25 Avril 2022 , Rédigé par Bernard T. Publié dans #Vie d'Atelier

    Quand j’étais petit, aux alentours de mes sept ou huit ans, j’avais peur de l’eau. Ma mère avait eu un frère noyé alors qu’il savait très bien nager. Mes parents ne m’emmenaient pas à la mer bien qu’elle soit toute proche et mon père ne m’a pas appris à nager comme le faisaient les pères de famille de ce temps là. Mais avec les moniteurs de la SNCF, j’allais à Marseillan en Micheline. Nous descendions en gare, meute de gamins grouillant et piaillant, conduits tel un troupeau gesticulant à travers un no man’s land herbeux qui s’achevait sur une immense plage sans un parasol ni une serviette, sans une silhouette de pêcheur ou de baigneur.

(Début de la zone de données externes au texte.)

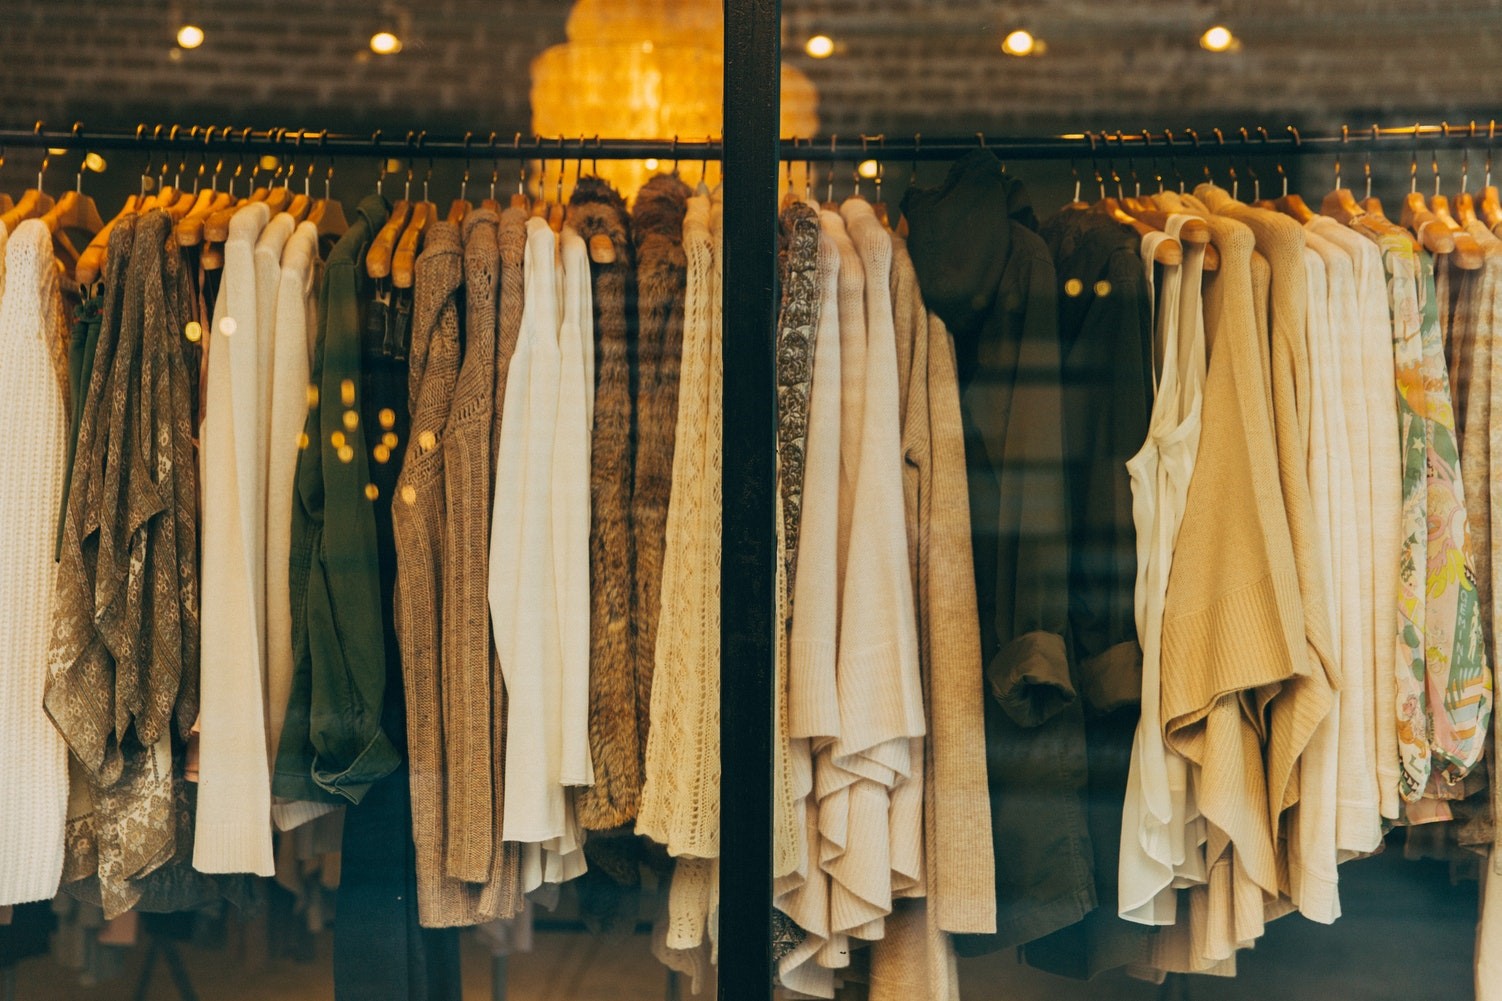 Das Bild zeigt eine Kleiderstange, auf der verschiedene Kleidungsstücke aufgereiht hängen. Die Farbgebung ist sehr natürlich, erdige Farben wie braun, creme und grün dominieren.

Nous étions seuls sur cette île déserte.

Là en bordure de la plage nous attendaient deux wagons de la SNCF sur pilotis. Dans ces wagons, des trésors ! Des masques, des tubas généreusement distribués par les moniteurs jeunes et compétents. Dès leur signal, toute la troupe des petits veinards fonçait vers l’eau cristalline, transparente, dont le bleu intense fascinait plus d’un gamin attiré par un monde perdu.

Toute la troupe ? Non, un seul de ces petits galapiats faisait de la résistance en hurlant, en pleurant, en se refusant à l’eau bienfaisante plus propre que celle de la rivière, non polluée par les méduses des sacs en plastique mangées par les tortues de mer. Un seul de ces petits refusait de se lover dans cette eau claire et ni les belles paroles, ni les promesses de récompense n’y faisaient rien, ce petit imbécile, ce petit benêt, c’était moi qui ne sait pas nager et je le regrette amèrement car vivre au bord de la mer et ne jamais y aller, c’est le supplice de Tantale de notre siècle. Quelle punition pour le grand escogriffe que je suis devenu, moi qui adore la mer au point de verser un pleur à l’écoute de Charles Trenet dans son hymne à la Méditerranée !

L’été le domaine des Dieux nous attendait sur ces plages. L’hiver la grande piscine de Narbonne nous offrait ses deux bassins après le pédiluve de rigueur. J’aurai pu – si je l’avais voulu – apprendre à nager mais la peur de l’eau m’a toujours écarté des rivages, et je restais aux bords des eaux comme le faune endormi dans les bras de la paresse et de la bêtise.